The moments in which you are precision dodging attacks or performing pre-animated takedowns on enemies are the moments that provide flashbacks to the God of War games we all once knew, but the general, minute-to-minute gameplay of the new experience is a different beast. While the combat design of the old games had players accounting for everything in an environment at once and acting accordingly, part of the challenge in the new God of War is simply keeping track of all the threats around you with the much tighter camera and limited mobility. The difficulty is eased somewhat by the combat being a little slower and heavier, making it more of a chess match as you tactically deduce how to take down your target without making yourself vulnerable to his friends.
The changes in environmental management are further pronounced in the boss fights. In previous God of War games, many of the iconic boss fights took place around, or even on, the bosses themselves. From the small handful of trademark encounters I faced in the new game, the boss enemies were more like Kratos in the sense of being included in the environment, rather than fully taking it up. That is not to say they weren’t epic in execution, but I will keep the demo’s most impressive example under wraps to save its impact for fans.
Fighting God of War‘s new smorgasbord of Norse-inspired enemies will not involve Kratos’ trusty Blades of Chaos, but instead a new armament that seems to be just as versatile. Kratos’ Leviathan Axe will be his primary tool of death on this adventure, used in conjunction with a collapsible shield mounted on his arm.

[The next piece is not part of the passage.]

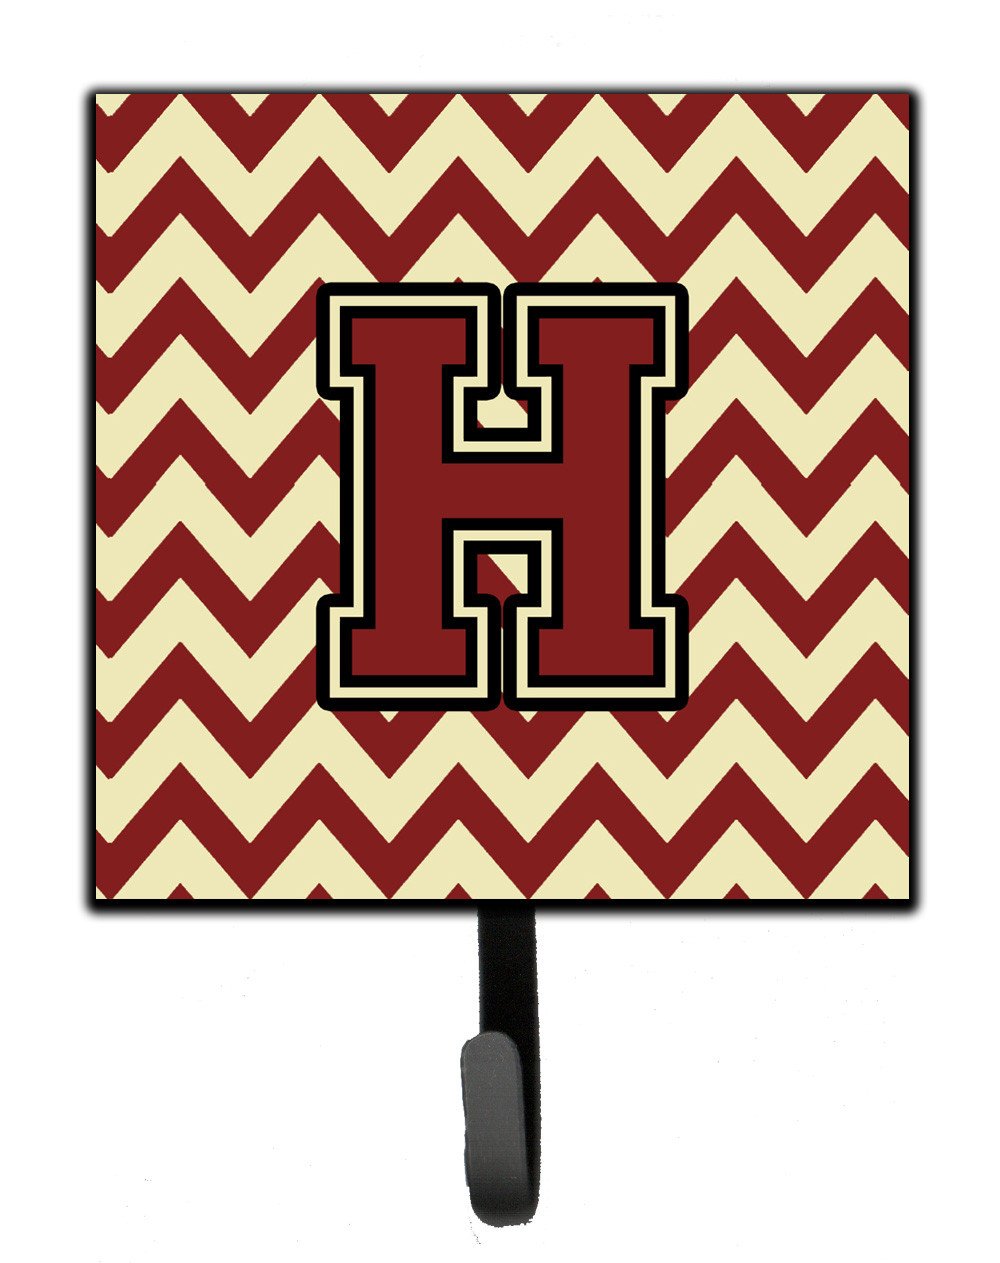 Letter H Chevron Maroon and Gold Leash or Key Holder CJ1061-HSH4 by Caroline's Treasures

The Leviathan Axe started out as a fairly average melee weapon on a basic level. As the demo progressed, however, I learned some tactical benefits that got increasingly more useful, largely centered around the ability to throw the axe and call it back to you. The axe can be thrown horizontally or vertically, but what makes the action innovative is that players can use the reactive nature of the axe’s return trip to their advantage. Whether or not the thrown axe hits its target, players can call it back, and any enemies it hits on the return trip are damaged. The axe can freeze targets it is embedded in, and while axe-less, the player can still engage enemies in hand-to-hand combat, using the shield to deal extra damage.
The ability to jump around an arena with lavishly balletic combos is gone, but the new game devises a satisfying combative balance of its own. Hacking an enemy to pieces before throwing the axe at an enemy at range while ripping apart a third target with your bare hands is awesome enough, and that’s before you call your axe back to stun an enemy in the back of the head right before they hit you. It is the exact gratification you look for in God of War.
God of War held onto its old ways for much longer than most series. It worked while it lasted, but now it is choosing to catch pace with the rest of the world. The upcoming installment may be a mild shock to the system for the most hardcore of returning fans, but for gamers who are simply on the hunt for quality, this recent demo gives me confidence that developer Santa Monica Studio will deliver as always.